The Description field is a somewhat human readable description of what the entry represents, and the RecordData, and RecordFormat are the "raw" data from the SEL entry.  One other interesting field to look at is the MessageTimeStamp.  CIM has two forms of representing time – one is "relative" and one is "absolute."  If the separator at the end of the string is a ":" then it is a relative (interval) time.  If the separator is "+" or "-" then the last 3 digits are a UTC offset.  In the case of these two instances, they're both relative, which means they were logged after the BMC was supplied with power, but before the BIOS programmed the BMC with a date (so before POST.)

So how do we go about clearing the SEL?  Up to this point, we've only looked at some of the "read-only" aspects of CIM.  To do an operation like clearing the SEL we have to learn how to invoke methods on objects.  But first we need to talk about the difference between an instance, and a reference to that instance, also known as an Object Path. In CIM, when you do an operation like "EnumerateInstances" the results you get back are complete instances.  They have all the properties filled out for the object.  CIM also has a concept called an Object Path, which is a reference to an instance.  It's just the "key" properties, and their values that refer to the instance in question along with the classname, namespace and hostname.  If you're a programmer, you can think of this as a kind of "remote pointer."  If you want to think about it in database terms, the instance is like the full row of the table, and the object path is just the key columns of the row.  The idea is that when you're doing operations or other tasks where you just need to unambiguously refer to a specific thing, you don't want to pass around all the properties, just the bare essentials to be unique.

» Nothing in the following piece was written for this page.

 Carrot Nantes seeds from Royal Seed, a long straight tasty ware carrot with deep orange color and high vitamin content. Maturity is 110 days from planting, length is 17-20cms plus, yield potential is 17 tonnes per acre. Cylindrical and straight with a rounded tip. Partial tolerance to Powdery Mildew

Here's some code that will perform the SEL clearing operation which takes advantage of a pywbem trick to get the object path from an existing instance.


def doClearSEL(client, selInstance):

   # InvokeMethod operates on "object paths" not instances

   selPath = selInstance.path

   try:

      print 'Clearing SEL for %s' % (selPath['InstanceID'])

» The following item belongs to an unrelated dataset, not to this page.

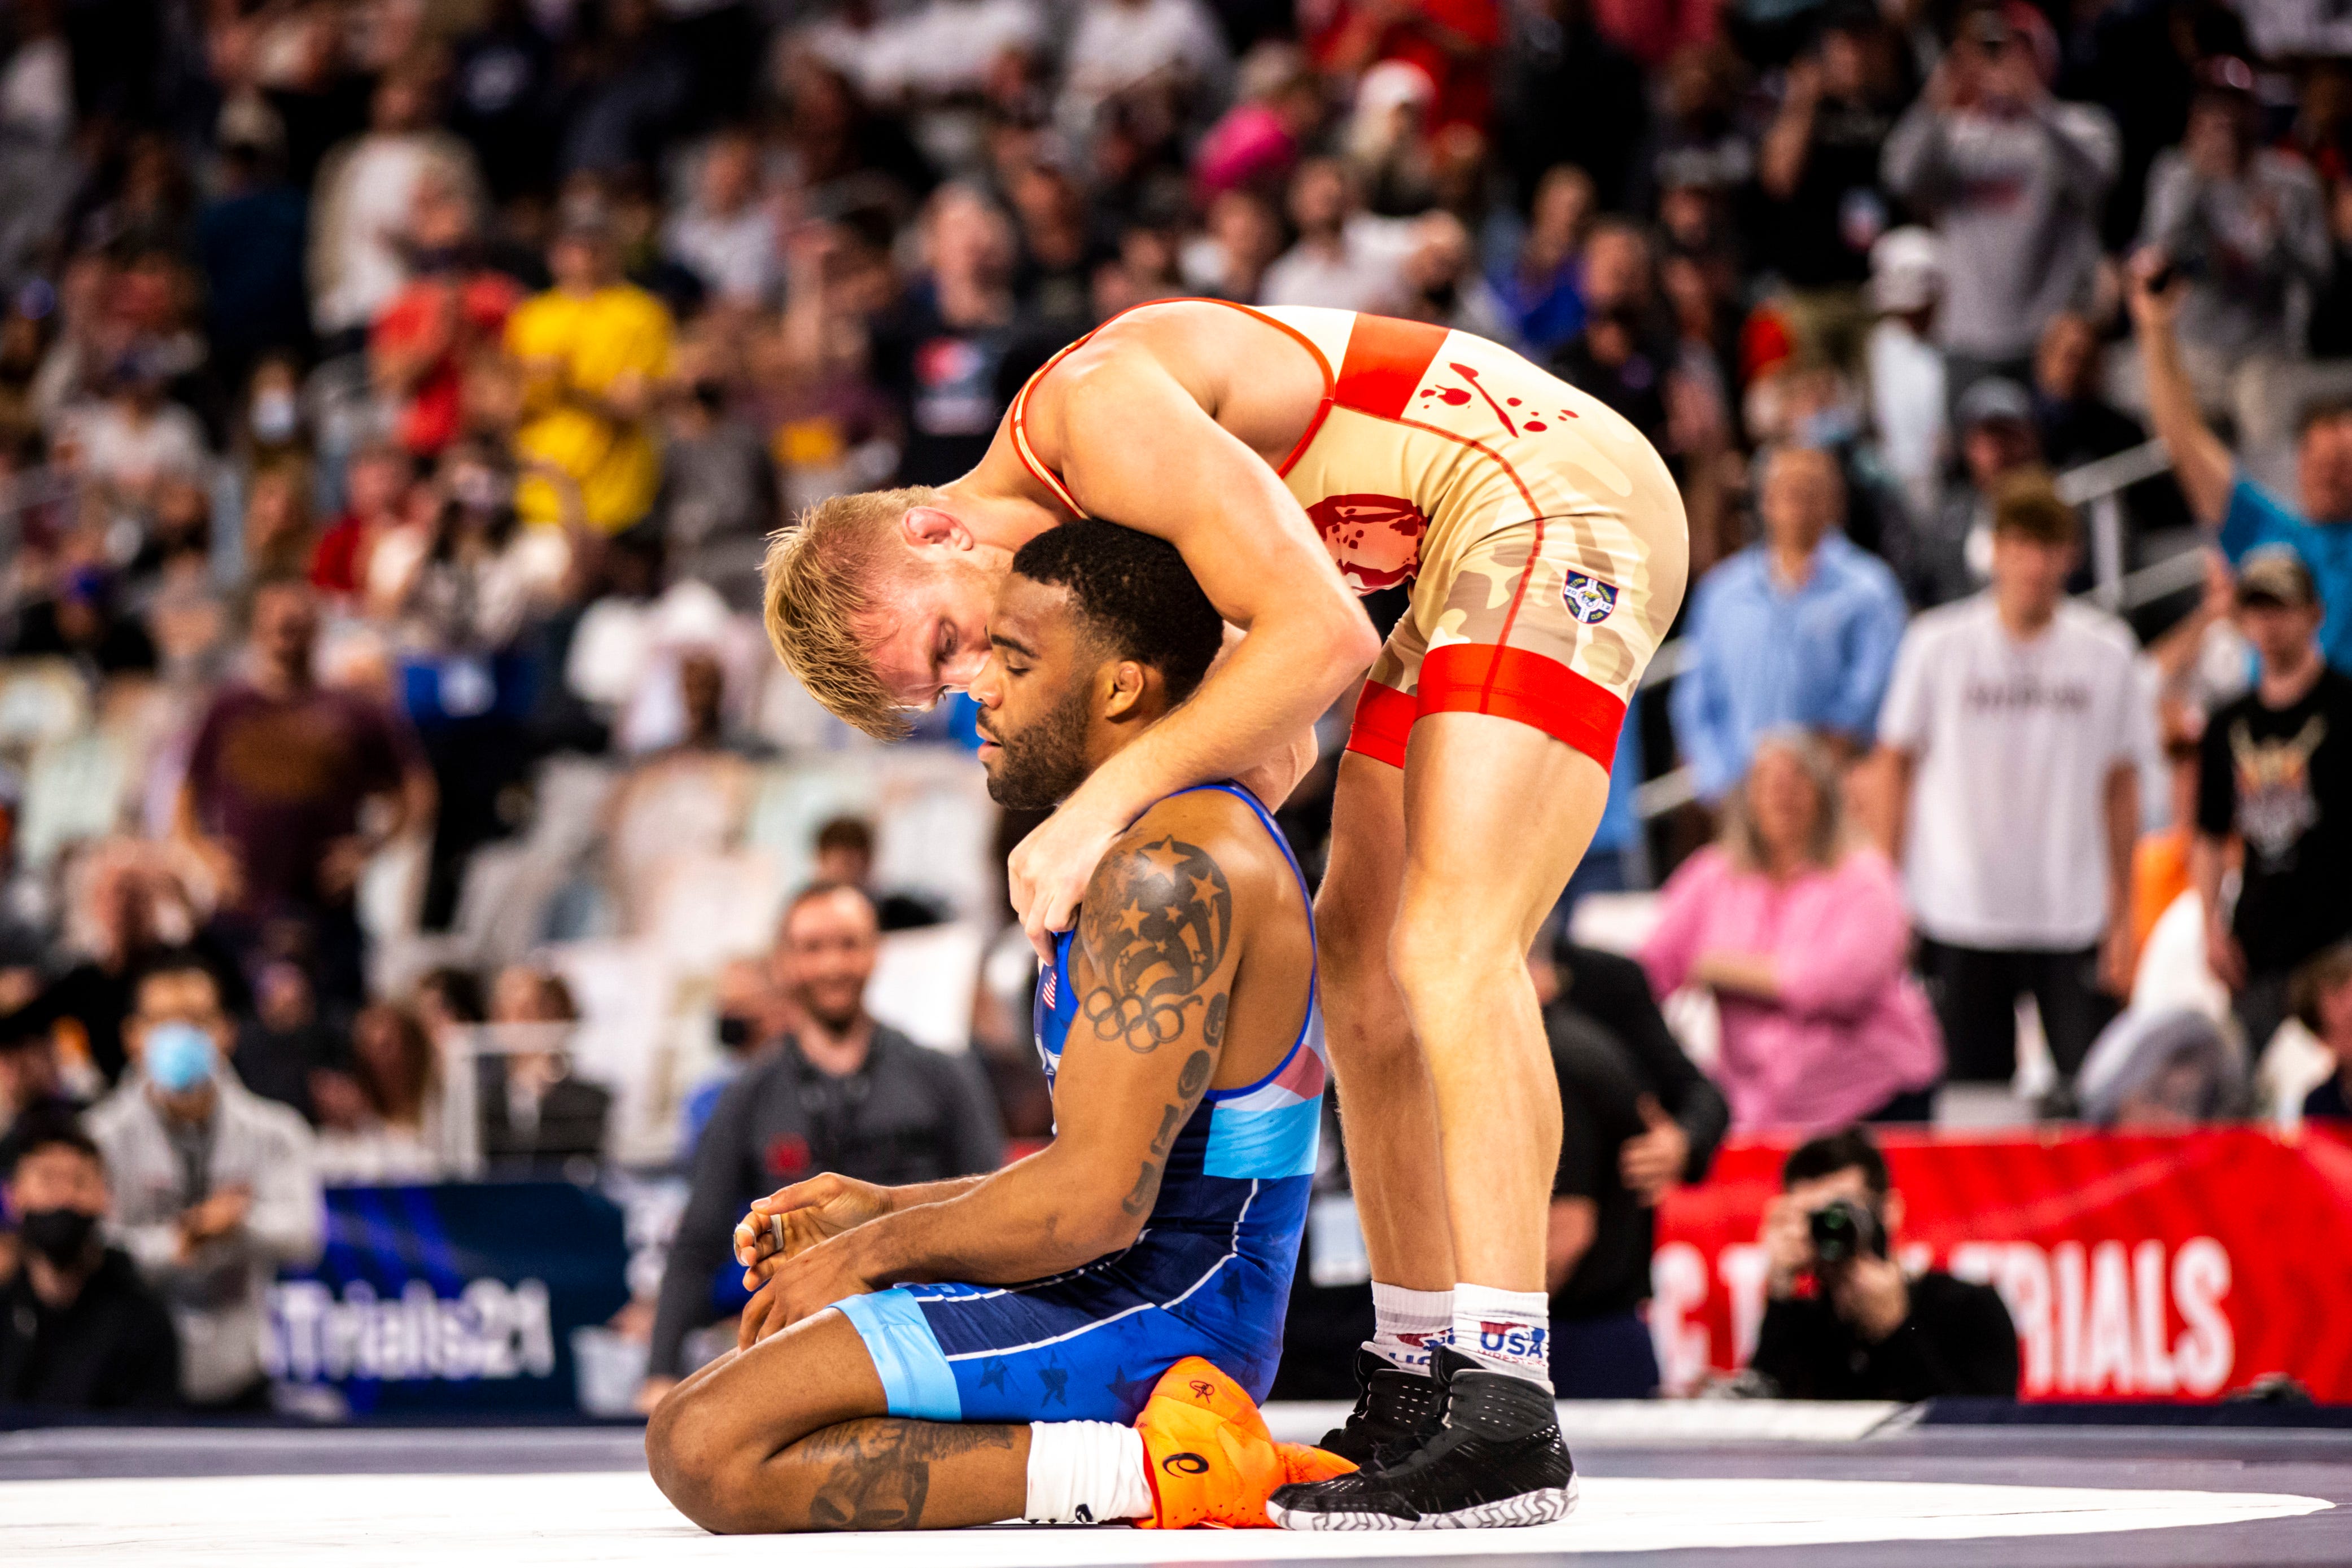 Olympic Wrestling Trials Recap from Saturday's championship finals

      (retval, outparams) = client.InvokeMethod('ClearLog', selPath)

      retval = 0

      if retval == 0:

         print 'Completed'

      elif retval == 1:

         print 'Not supported'

      else:

         print 'Error: ' + retval

   except pywbem.CIMError, arg:

      print 'Exception: ' + arg[1]

Most of the code is just error handling and reporting.  We're invoking the method called "ClearLog" on the SELs object path.

The 
attached example puts this all together in one small tool that can dump the SEL information, or clear it if you pass the optional "-c" argument.